I will not support such a system.

Mandator
29th Jun 2006, 19:24
Reading through this thread we seem to be talking about some deliberate change in the rules which now requires a bit of paper which costs £80 if you are unfortunate enough to get caught with an expired annual or CofA (and in future the ARC?). I speak from experience of getting an aircraft in for maintenance at 7.00 pm last night, a full five hours before its CofA expired at midnight! In my view, no new rule has been deliberately made to cause this to happen. The problem is that the old BCARs allowed the use of A Conditions but the new EASA regime does not have such a thing as A Conditions. When the EASA rules were consulted in 2003, over a miniscule period of about 28 days if I recall correctly, nobody spotted that they did not allow the Euro equivalent of A Conditions. Nobody from our representative organisations, maintenance organisations, licenced engineers or individual aircraft owners and operators spotted that this facility would go so no-one kicked up a fuss during the consultation. As a result, we now have a problem for EASA aircraft whilst non-EASA aircraft, of course, can still use A Conditions. Having lost the opportunity to get the founding legislation right, I fear it will will be the devil's own job to get any changes made. I think we are going to have to live with this one.
Similarly, we are going to have to live with the engine overhaul life thingy. Again, I don't think that EASA has just invented a twelve year rule out of spite, it is just saying you MUST comply with the engine manufacturer's recommendations. Therefore, because the big two put a twelve-year calendar time limit on engine overhaul in addition to the operating hour limitation then that is what you have to comply with. Note that there is certain flexibility allowed by Generic Requirment 24 in CAP 747 but even so it is no longer economic to have overhauled engines lying around for several years as spares 'just in case'.
There is also a big problem with Euroland's definition of commercial operation. As I understand it, the European Parliament definition included in the founding legislation means that if money changes hands it must be commercial. Hence, flying training, even on microlights, is defined as commercial and the aircraft must be certificated and maintained accordingly.

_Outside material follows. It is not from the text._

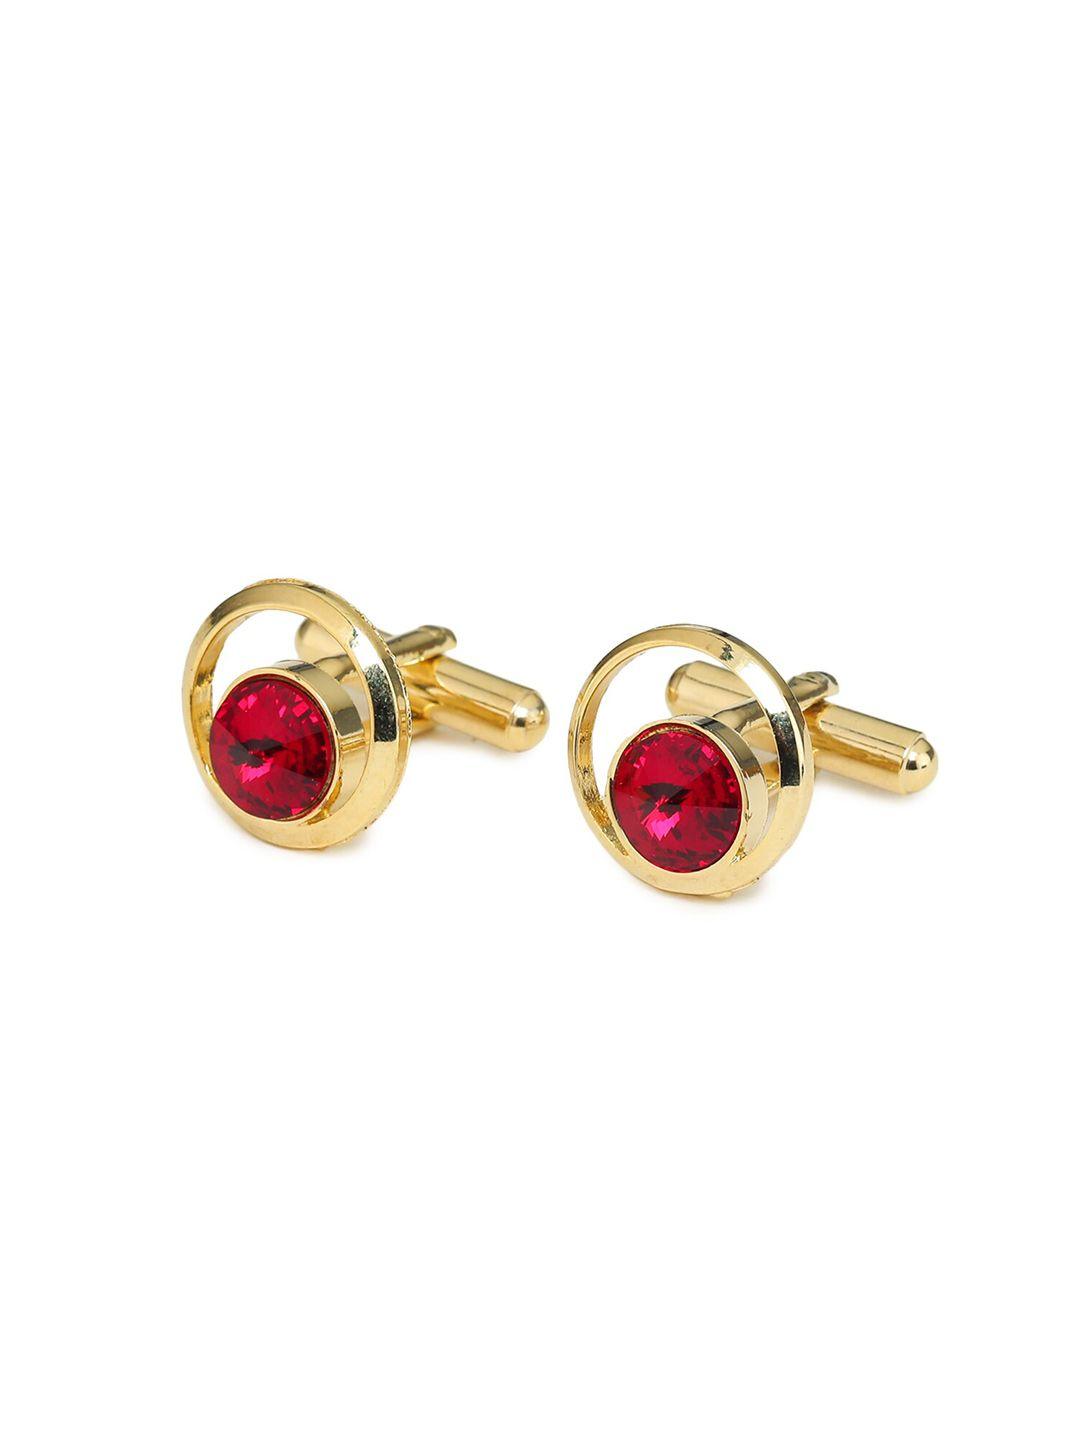 ellis gold plated red cufflink with tiepin set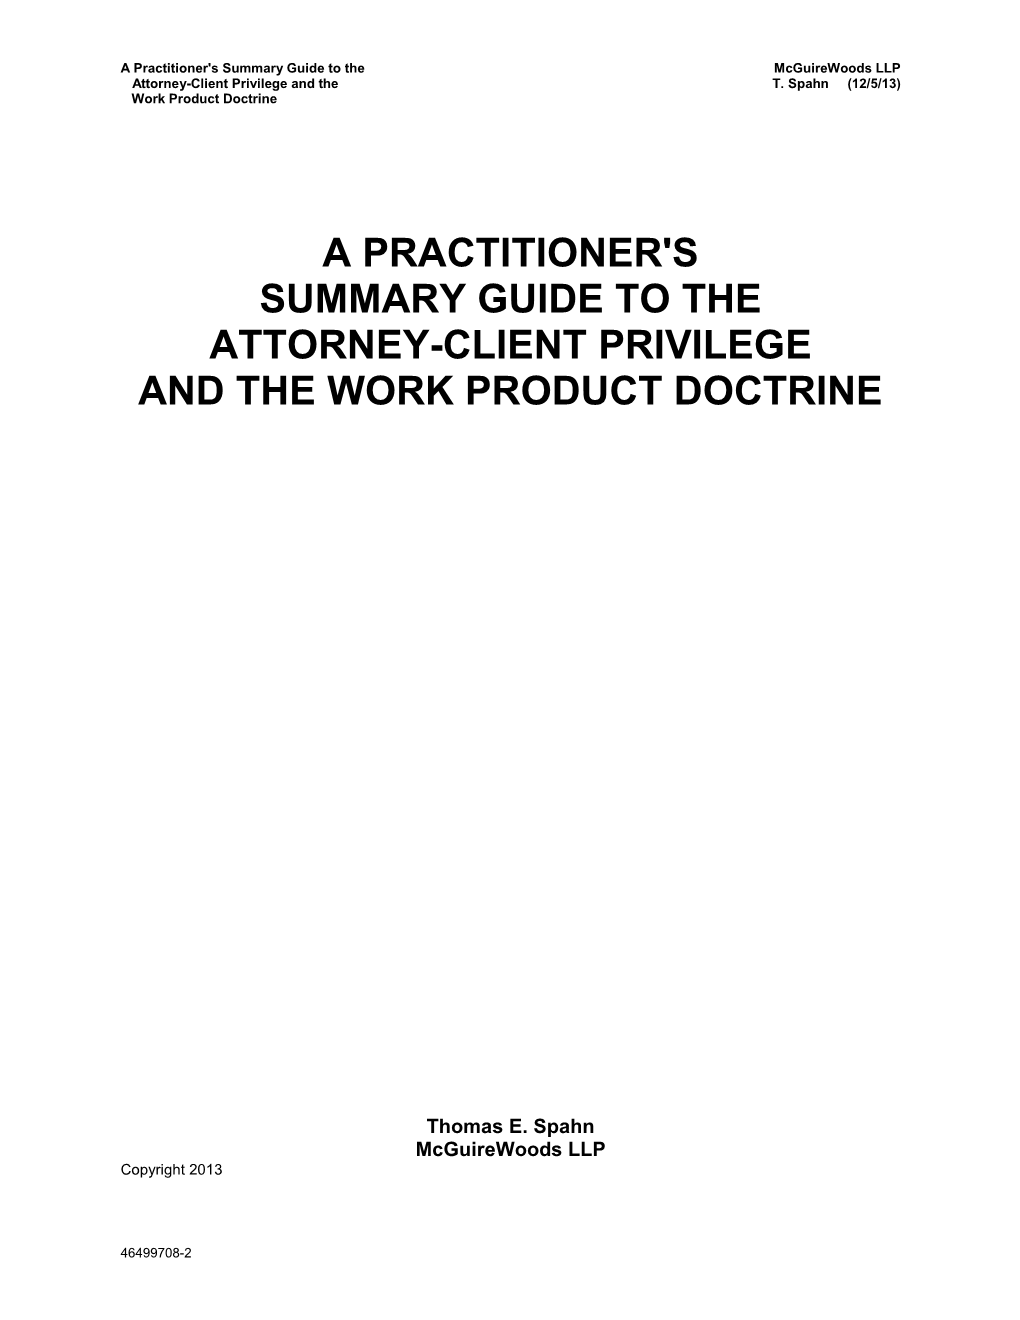 A Practitioner's Summary Guide to the Attorney-Client Privilege and the Work Product Doctrine

I was at an EASA working group a couple of weeks ago and the EASA staff stated that this problem has been recognised but it could take up to two years to get any required change through the European Parliament legislative process.

IO540
29th Jun 2006, 20:39
The Q to always ask in these situations is this:

The FAA oversees approximately 90% of all the GA in the known universe, and they don't have 12 year+ planes plummetting out of the sky everywhere.

Why not?

What is it that the intellectually and morally superior Europeans know??